Я рада. Я рада, что меня оставили в покое. Мне хочется быть одной.
Чтобы быть одной, надо уйти отсюда. Кое-как поднимаюсь, сжимая в руке мокрый платок, и выбираюсь на улицу. Иду, не сознавая куда, снова погрузившись в некое полубеспамятство. Прихожу в себя от мощного тычка под ребра… и обнаруживаю, что я в трамвае.
Мгновенный, живительный промельк счастья: я в трамвае! Я еще не была в Предварилке! Мне померещилась очередь к окошку, и ноготки барышни, и страшные слова в бумажке. Этого не было. Я приду в Предварилку и увижу благодетельный прочерк напротив фамилии моего брата.
Но… мокрый платок зажат в моей руке. Все было, все свершилось, я осталась одна.
А мир не изменился. Мир живет по-прежнему. Мир толкается, бранится, злословит:
– Ох, слышать не могу этот «Интернационал», надоел до тошноты!
– Это у них теперь вместо похоронного марша.
– Нынче на базаре торговка так уж пирожки с мясом нахваливала, я стоял и слюнки глотал.
– Тьфу, с мясом… Кота небось зажарила.
– Кота? Нынче кот тридцать пять тысяч стоит. Крысу положила, помяните мое слово.
– Знаете, что такое национализация торговли? Это когда вся нация торгует.
– Гляньте, новый лозунг вешают: «Да здравствуют народные комиссары!»
– Да чтоб они сдохли!..
Господи, господи боже мой… Я вспоминаю книгу, которую читал мой брат перед тем, как ушел из дому на ту никому не нужную встречу, где его арестовали. Это был сборник высказываний великих людей, и книжка долго еще лежала открытая на той же странице, на которой оставил ее Костя. Потом я закрыла книгу, потому что мне было страшно все время натыкаться взглядом на слова, которые казались мне пророческими. То были слова Сократа, которые он сказал судьям, вынесшим ему смертный приговор: «Но время уже идти: мне – для того, чтобы умереть, а вам – чтобы еще пожить; а чей жребий в этом случае лучше – это не известно никому, кроме бессмертных богов».
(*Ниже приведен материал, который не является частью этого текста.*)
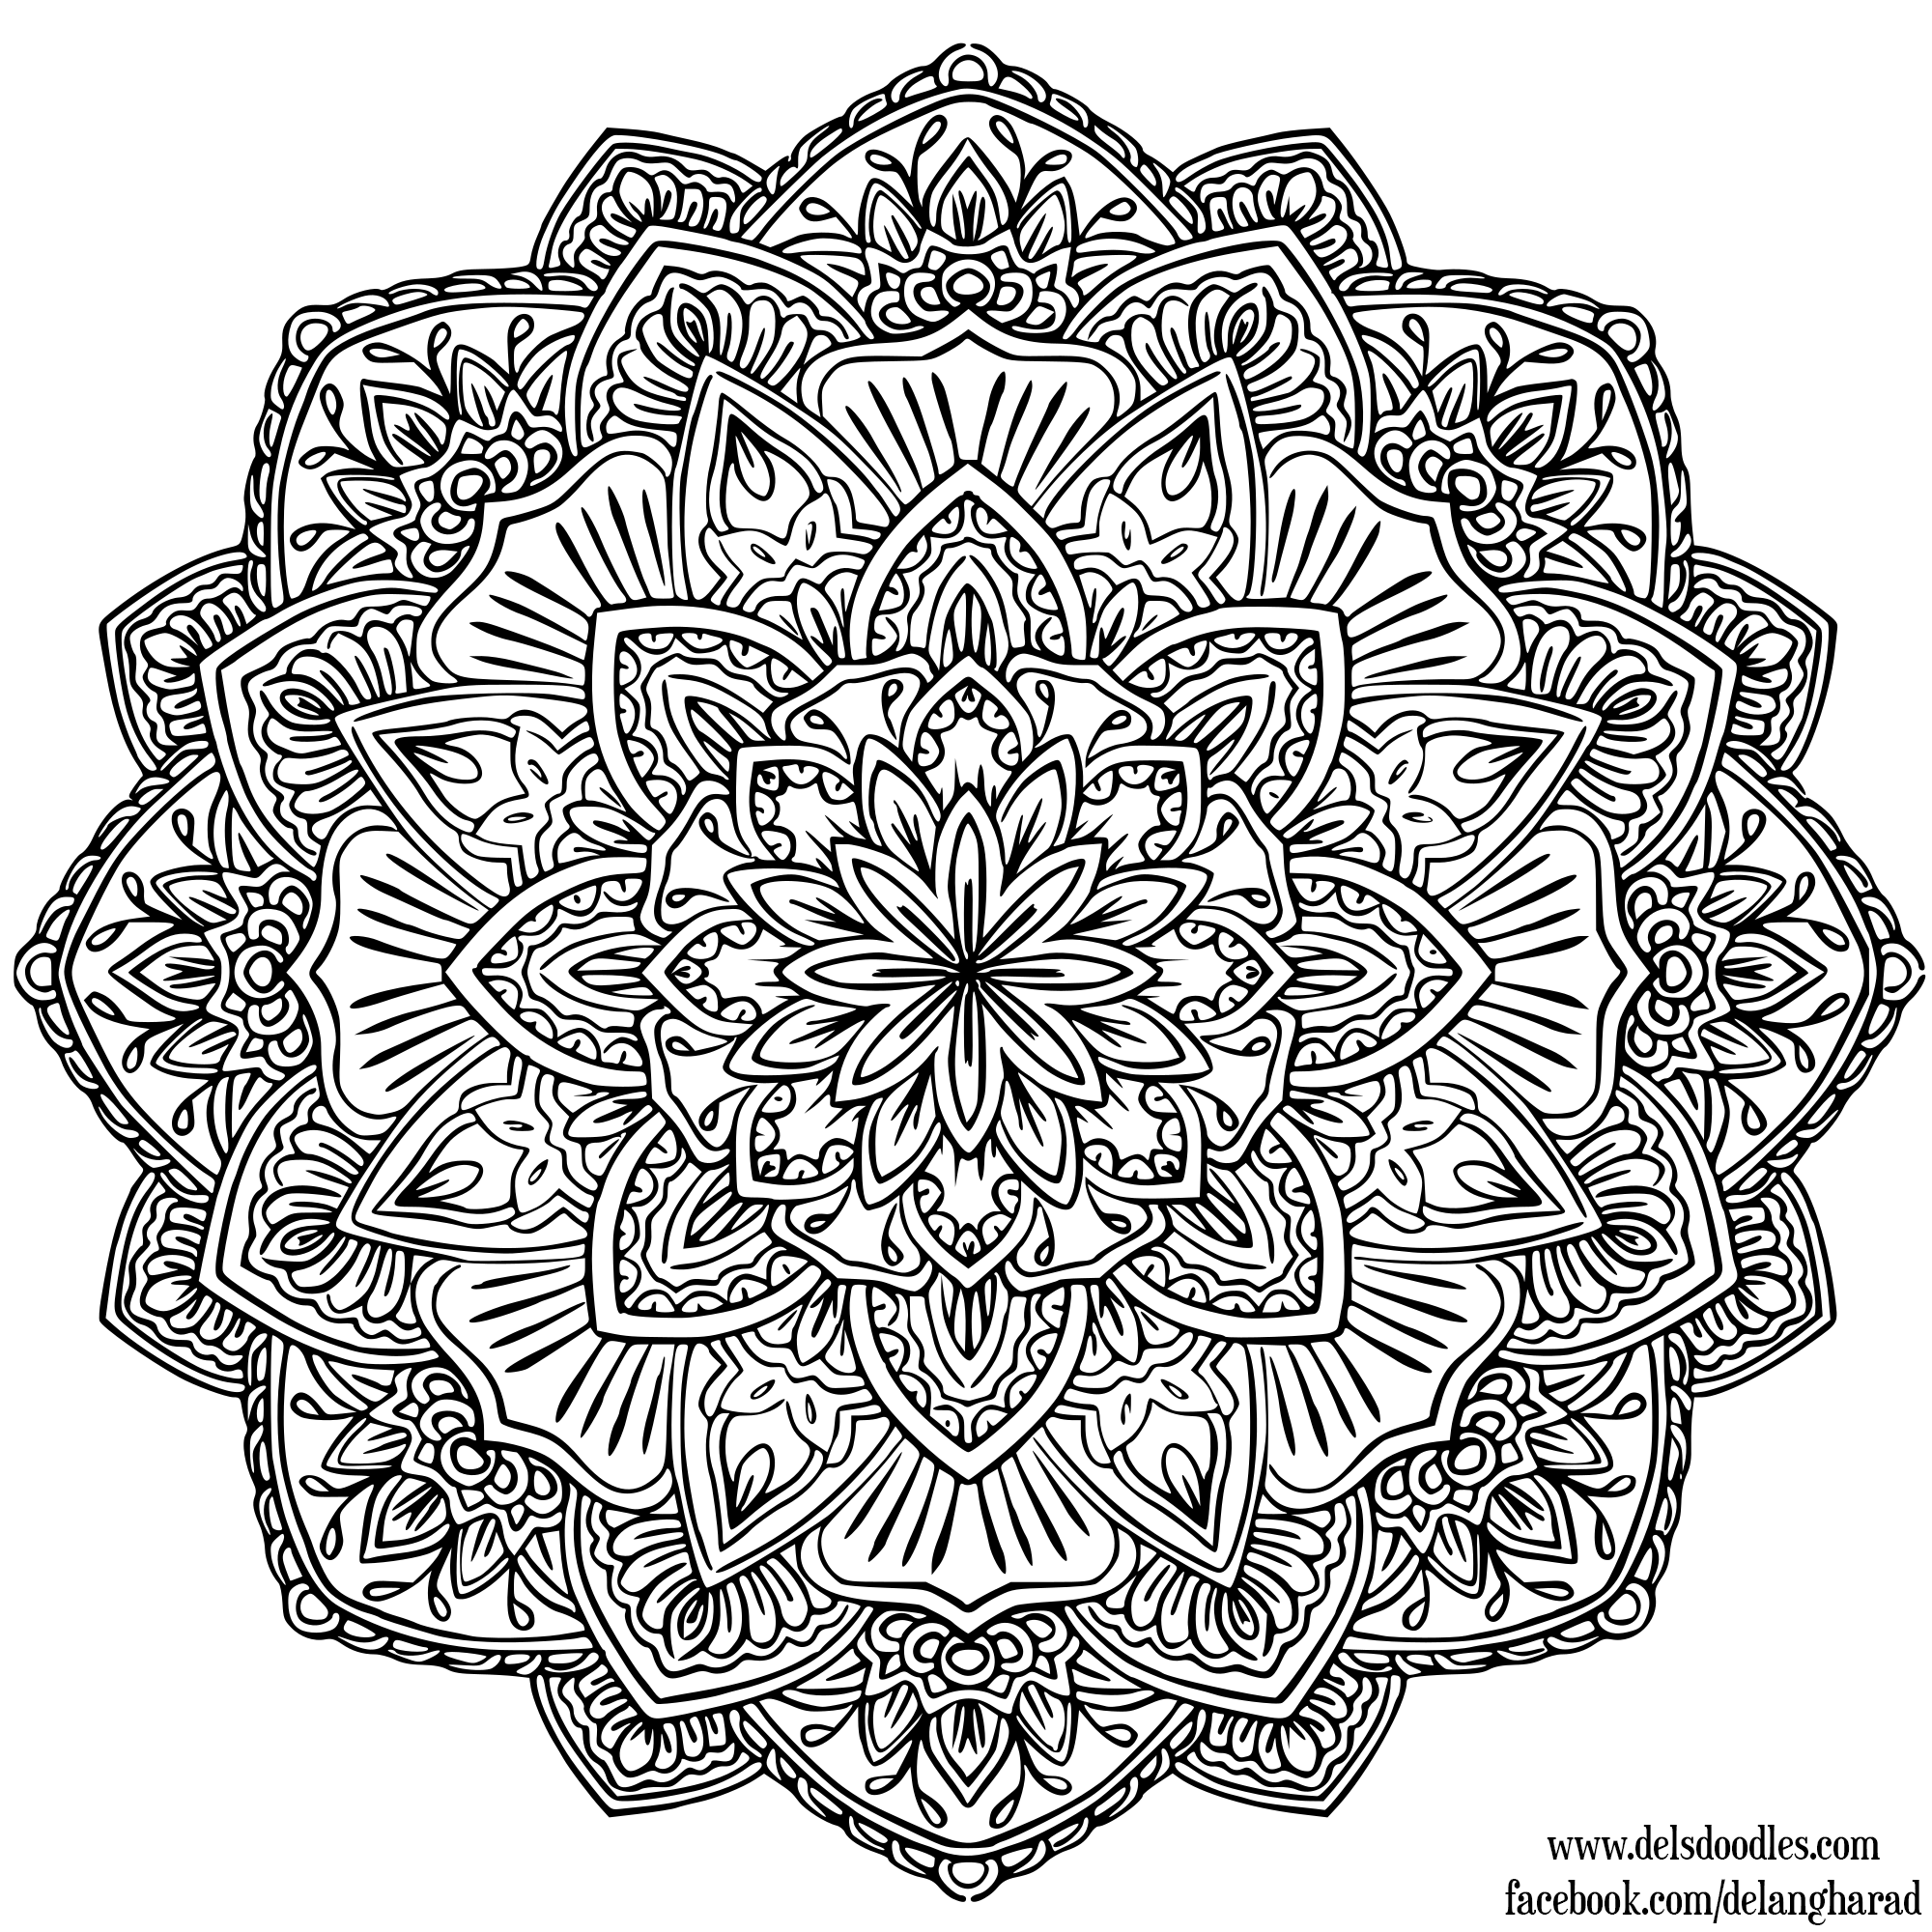 mandala coloring pictures printable mandala 1 ruthart flickr photo sharing mandala coloring pictures

При воспоминании о Сократе мне становится чуточку легче. Может быть, моему брату сейчас и в самом деле лучше, чем мне, чем всем нам?
Внезапно трамвай с лязгом и грохотом останавливается. В обе двери входят по трое красногвардейцев:
– Вылазь все!
– Как так вылазь?!
– А вот так вылазь, баржу ломать у Фонтанки!
– Не пойду, лекцию читать еду! – кричит какой-то человек с портфелем. – У меня документ есть!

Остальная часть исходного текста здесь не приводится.